What to produce: What you produce should be an exact transcription of the data, minus any pictures.

Supplied data:
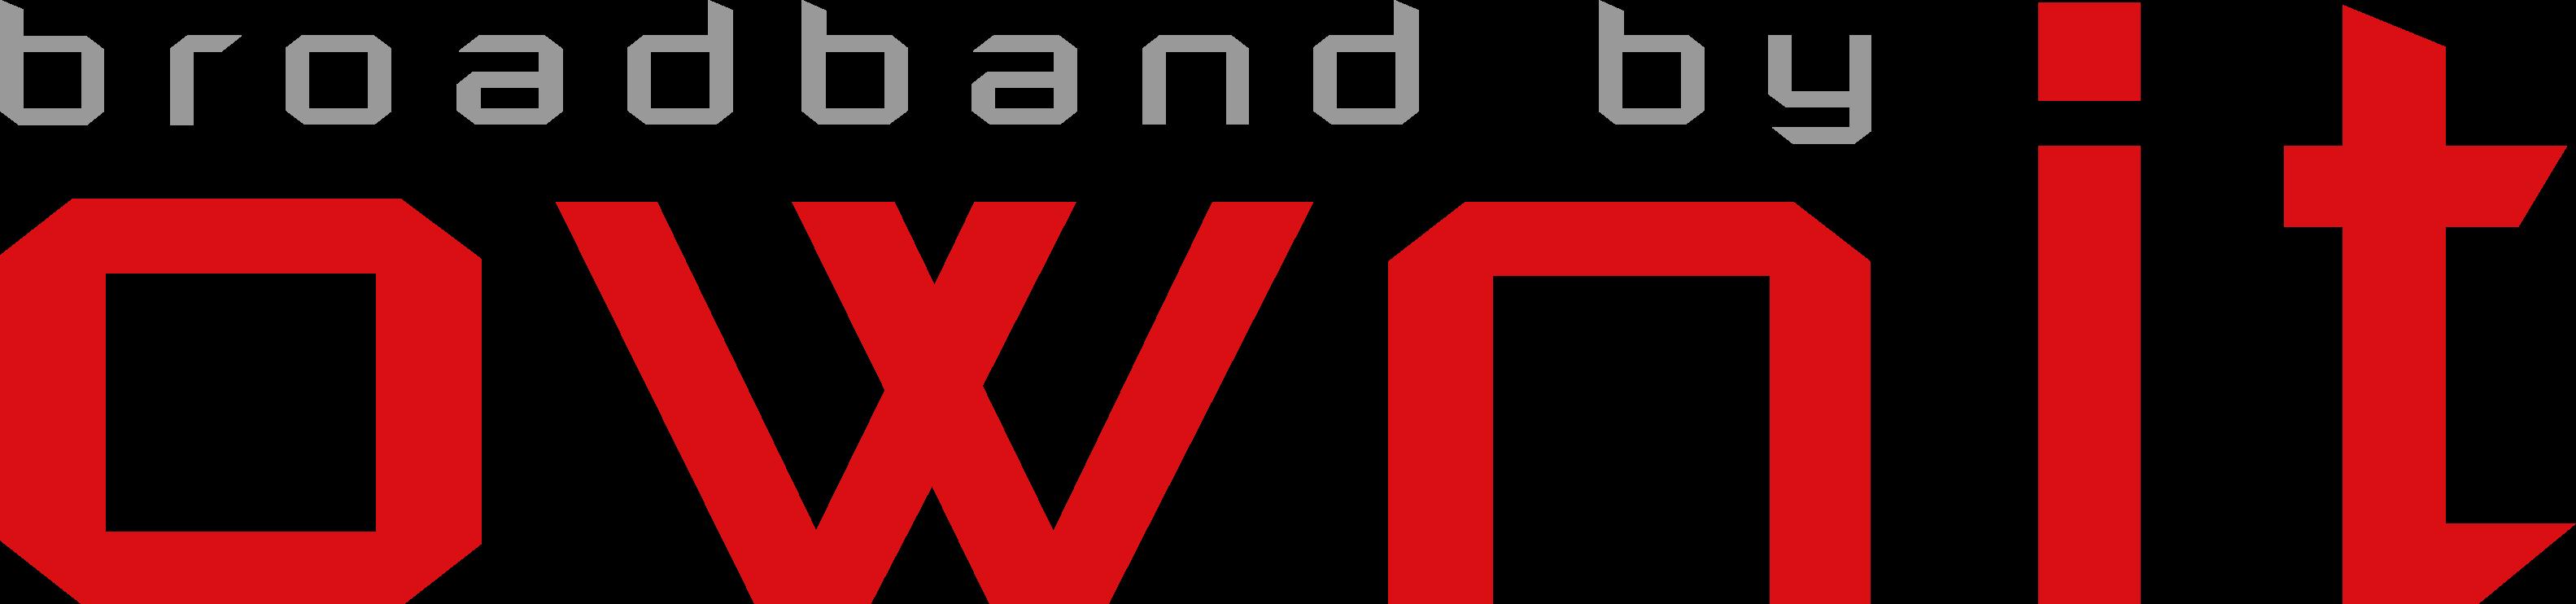 Ownit logotyp
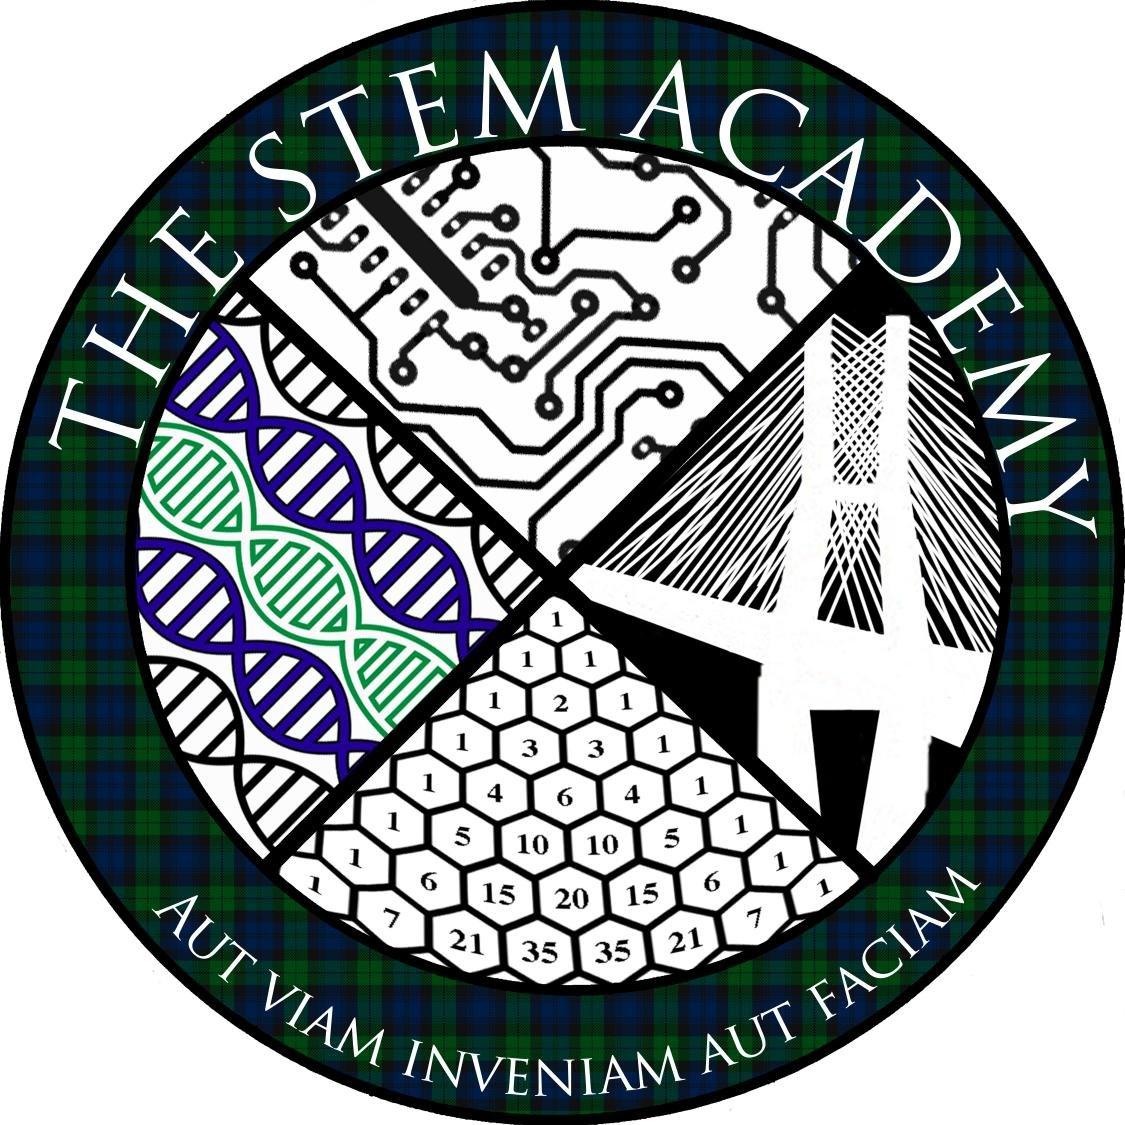 The_STEM_Academy (@The_STEM_Academ)
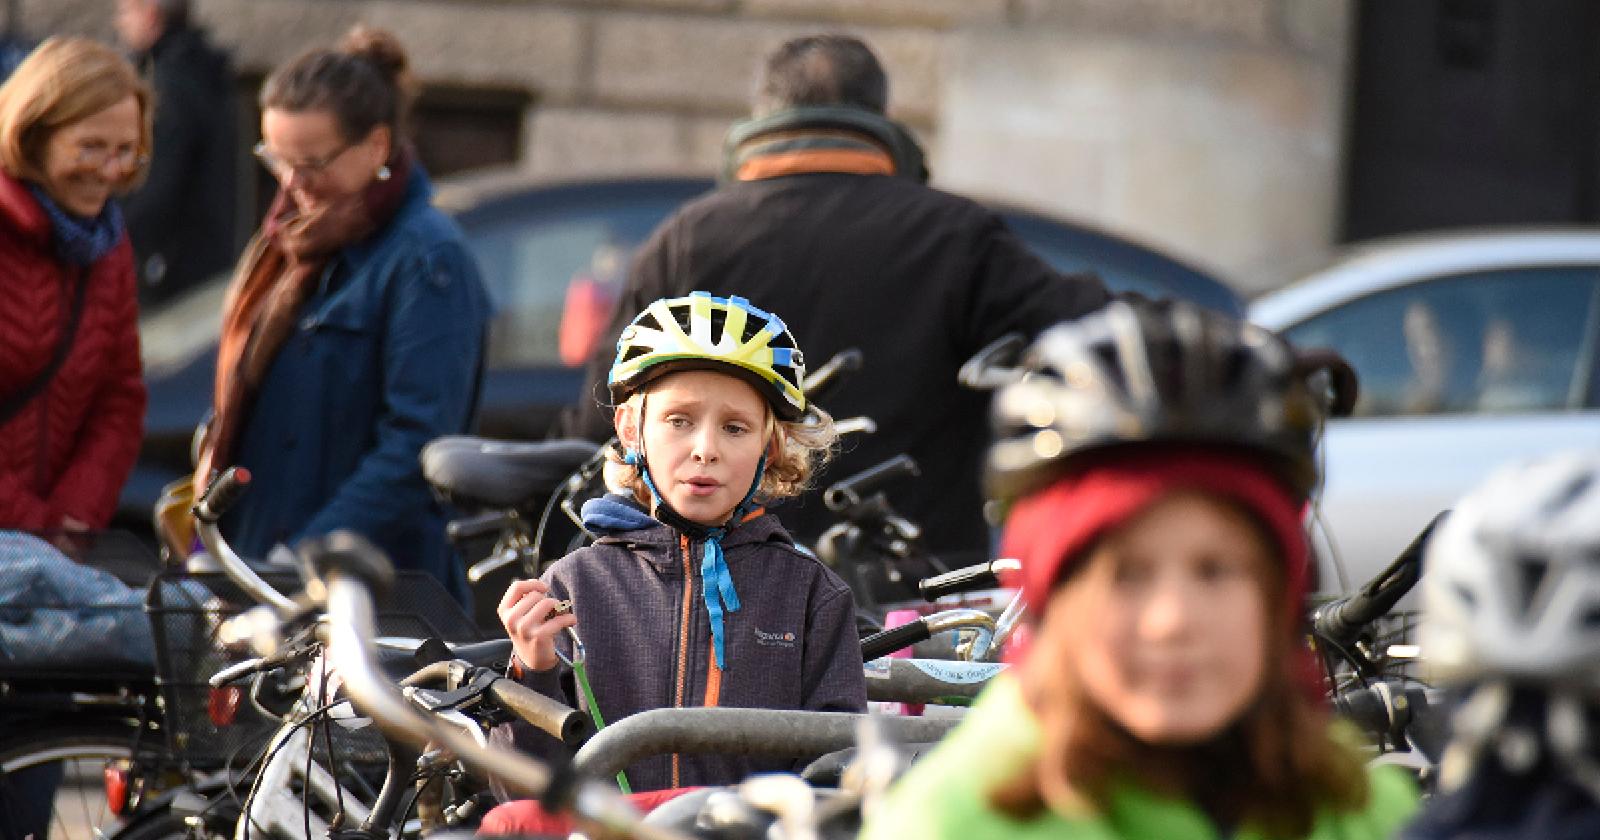 frissewind-foto-reportage27-fiets

Written response:
 Ownit logotyp
 The_STEM_Academy (@The_STEM_Academ)
 frissewind-foto-reportage27-fiets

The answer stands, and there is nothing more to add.